Gut microbiota communities are assembled by generation, influenced by maternal seeding, environmental factors, host genetics and age, resulting in substantial variations in composition among individuals in human populations (Eckburg et al. 2005; Costello et al. 2009; Huttenhower and Consortium 2012; Goodrich et al. 2014). Most experimental studies of host-gut microbiota interactions have employed large perturbations, such as comparisons of germ-free versus conventional mice, and the significance of common variations in gut microbiota composition for disease susceptibility is still poorly understood. Furthermore, while studies with germ-free mice have clearly implicated microbiota in clinically relevant traits, it has proven difficult to identify the responsible taxa of bacteria.
We now report a population-based analysis of host-gut microbiota interactions in the mouse. One of the issues we explore is the role of host genetics. Although some evidence is consistent with significant heritability of gut microbiota composition, the extent to which the host controls microbiota composition under controlled environmental conditions is unclear. We also examine the role of common variations in gut microbiota in metabolic traits such as obesity and insulin resistance. We performed our study using a resource termed the Hybrid Mouse Diversity Panel (HMDP), consisting of about 100 inbred strains of mice that have been either sequenced or subjected to high density genotyping (Bennett et al. 2010). The resource has several advantages for genetic analysis as compared to traditional genetic crosses. First, it allows high resolution mapping by association rather than linkage analysis, and it has now been used for the identification of a number of novel genes underlying complex traits (Farber et al. 2011; Lavinsky et al. 2015; Parks et al. 2015; Rau et al. 2015). Second, since the strains are permanent the data from separate studies can be integrated, allowing the development of large, publically available databases of physiological and molecular traits relevant to a variety of clinical disorders (systems.genetics.ucla.edu and phenome.jax.org). Third, the panel is ideal for examining gene-by-environment interactions, since it is possible to examine individuals of a particular genotype under a variety of conditions (Orozco et al. 2012; Parks et al. 2013).

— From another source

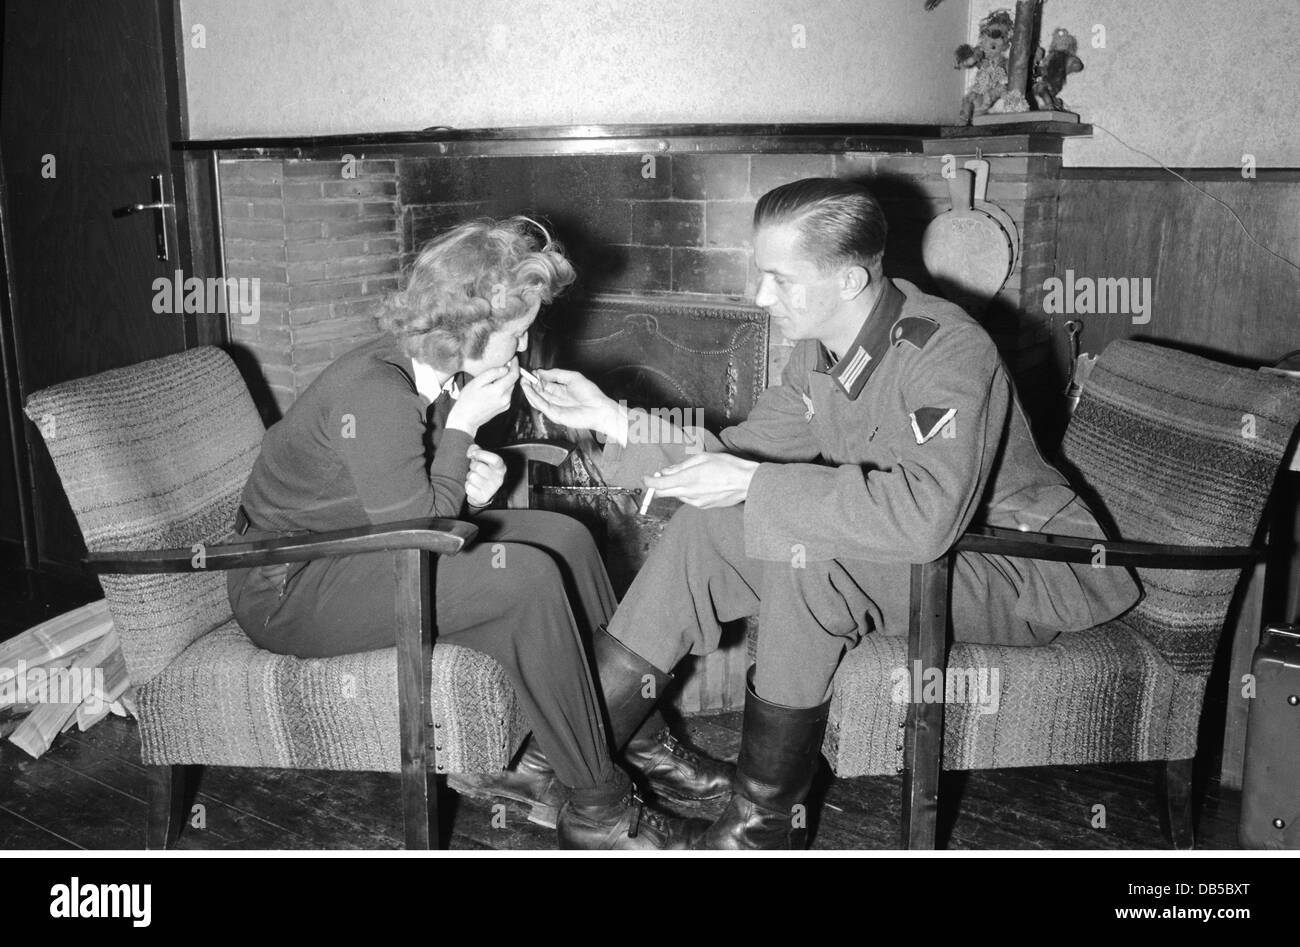 events, Second World War / WWII, Germany, Wehrmacht soldier with a woman in front of a fireplace, circa 1941, Additional-Rights-Clearences-Not Available Stock Photo
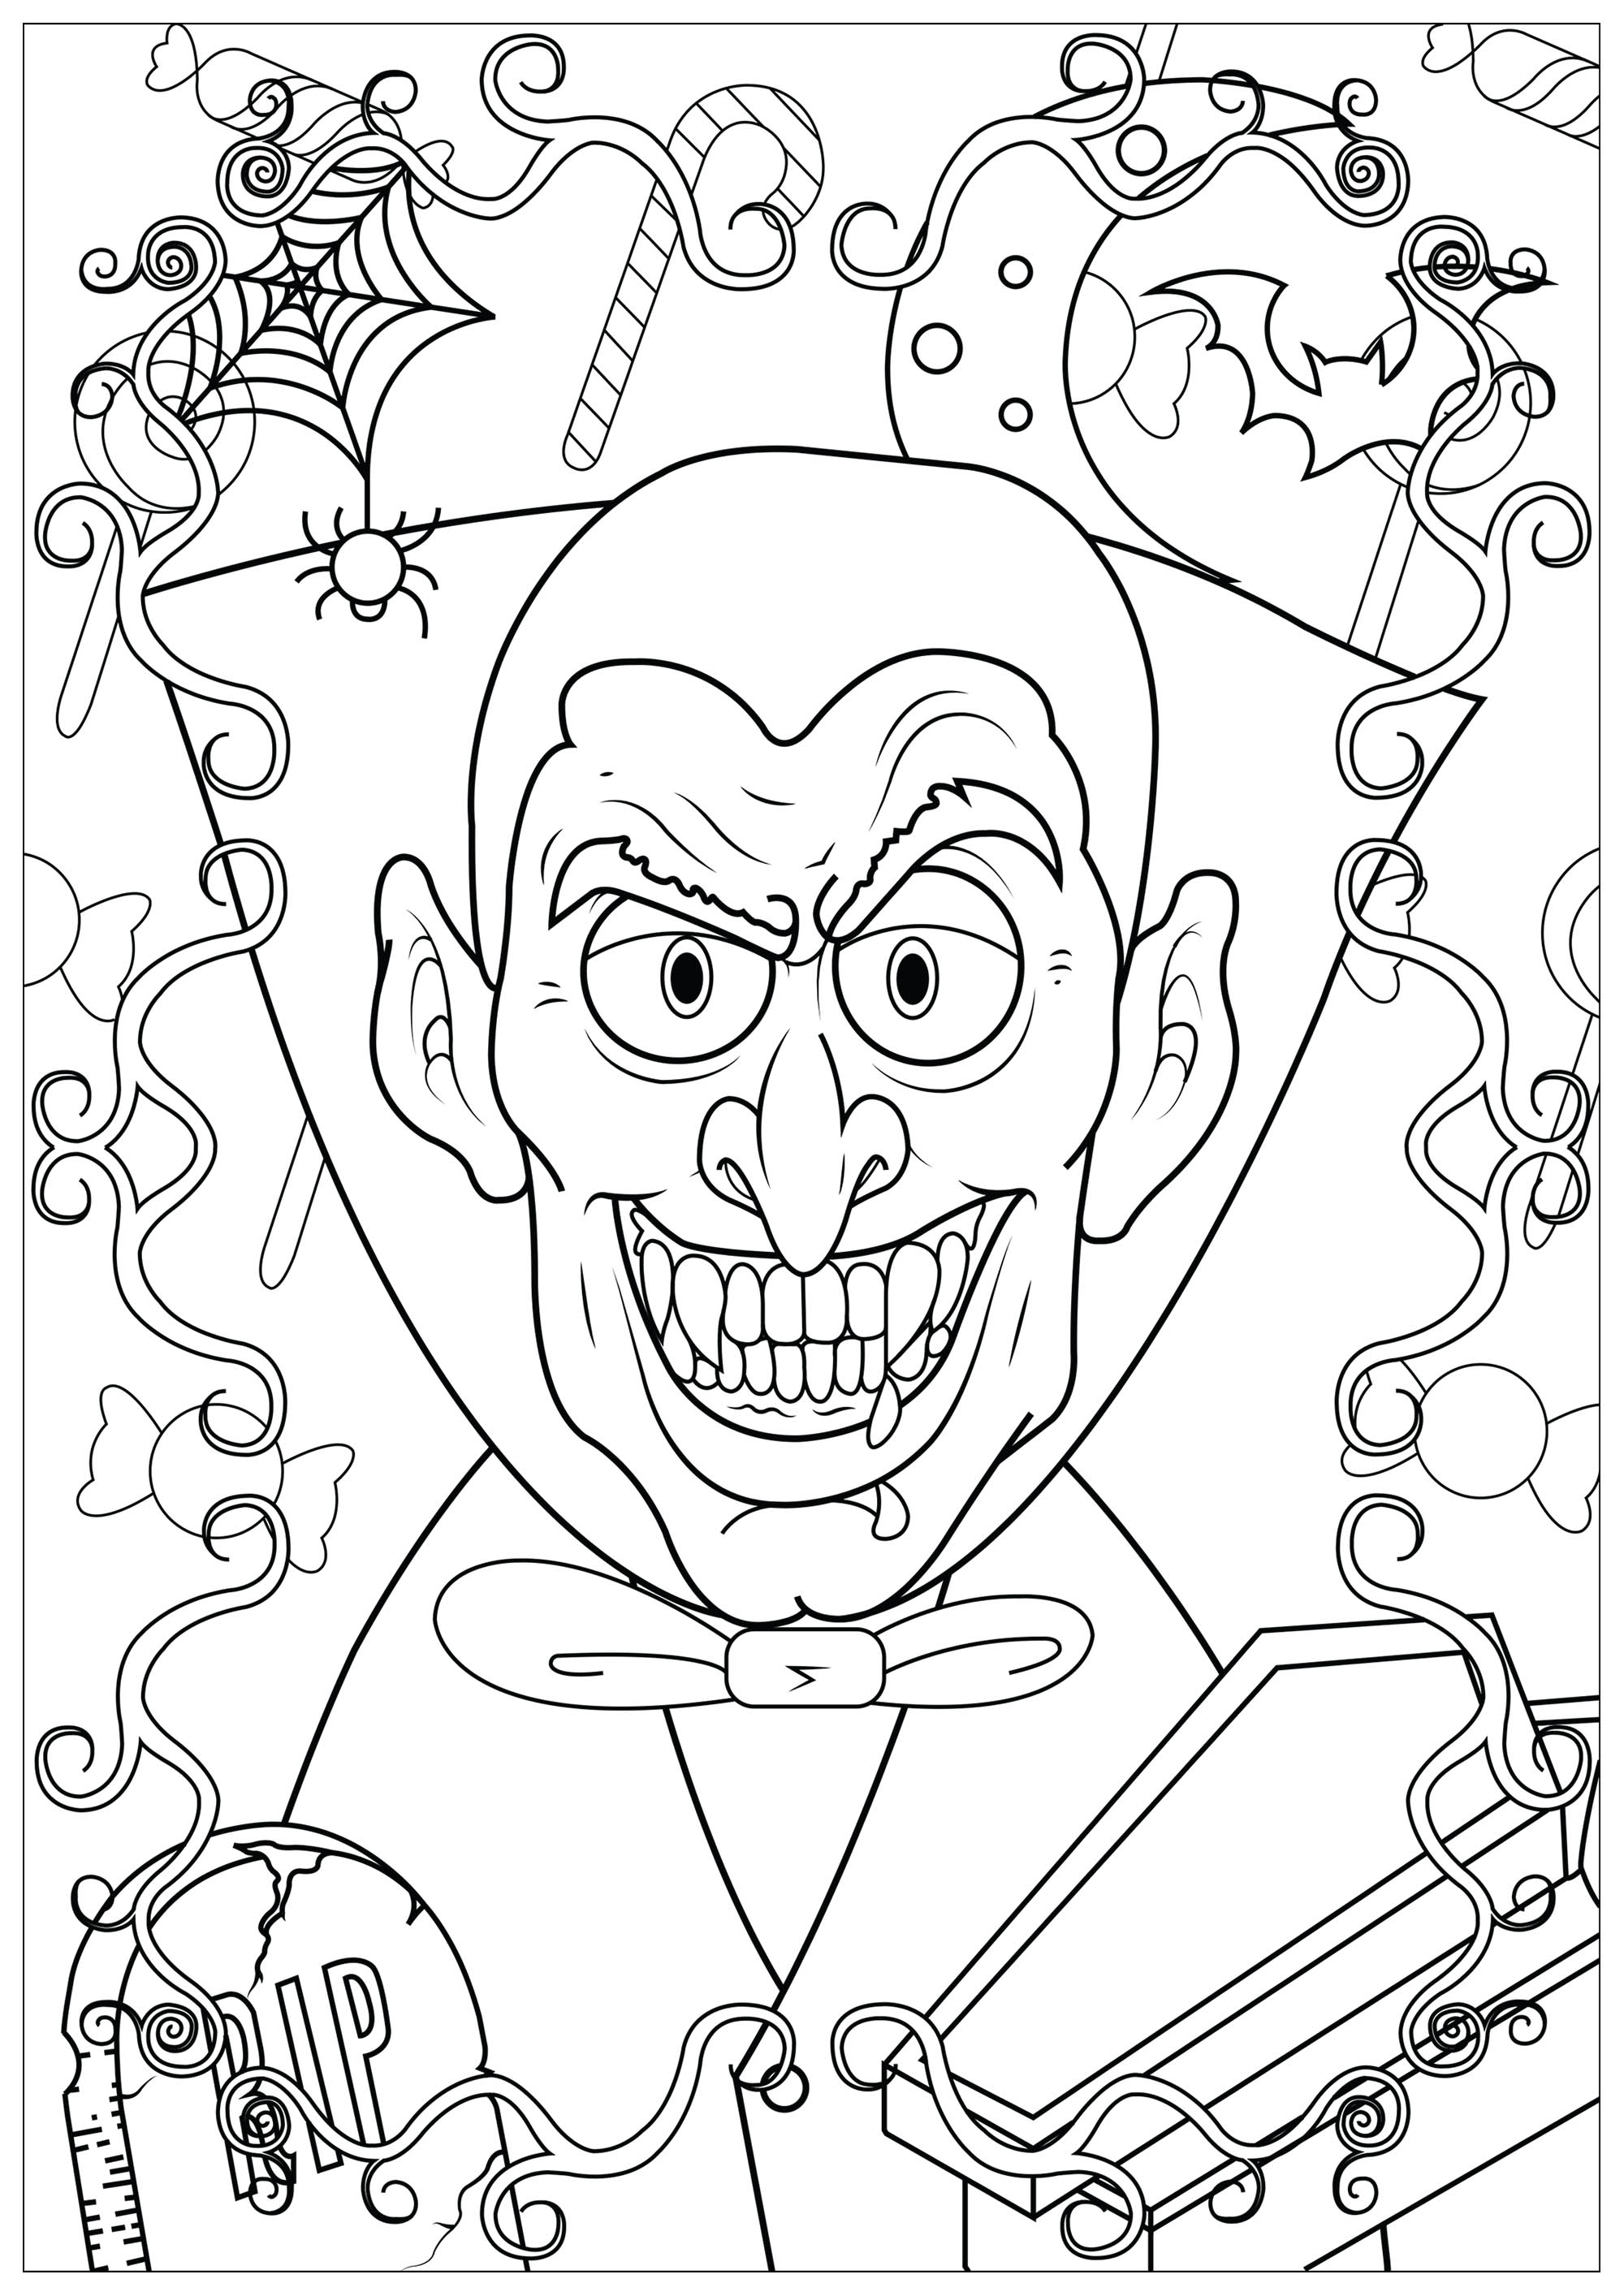 A vampire with sharp teeth. This coloring page is perfect to celebrate Halloween, if you like the world of vampires and especially Dracula, Artist : Lucie

Genetics provides a potentially powerful approach to dissect host-gut microbiota interactions. Using a SNP-based approach with a linear mixed model we estimated the heritability of microbiota composition. We conclude that in a controlled environment the genetic background accounts for a significant fraction of abundance of most common microbiota.The mice were previously studied for response to a high fat, high sucrose diet, and we hypothesized that the dietary response was determined in part by gut microbiota composition. We tested this using a cross-fostering strategy in which a strain showing a modest response, SWR, was seeded with microbiota from a strain showing a strong response, AxB19. Consistent with a role of microbiota in dietary response, the cross-fostered SWR pups exhibited a significantly increased response in weight gain. To examine specific microbiota contributing to the response, we identified various genera whose abundance correlated with dietary response. In an effort to further understand host-microbiota interactions, we mapped loci controlling microbiota composition and prioritized candidate genes. Our publically available data provide a resource for future studies.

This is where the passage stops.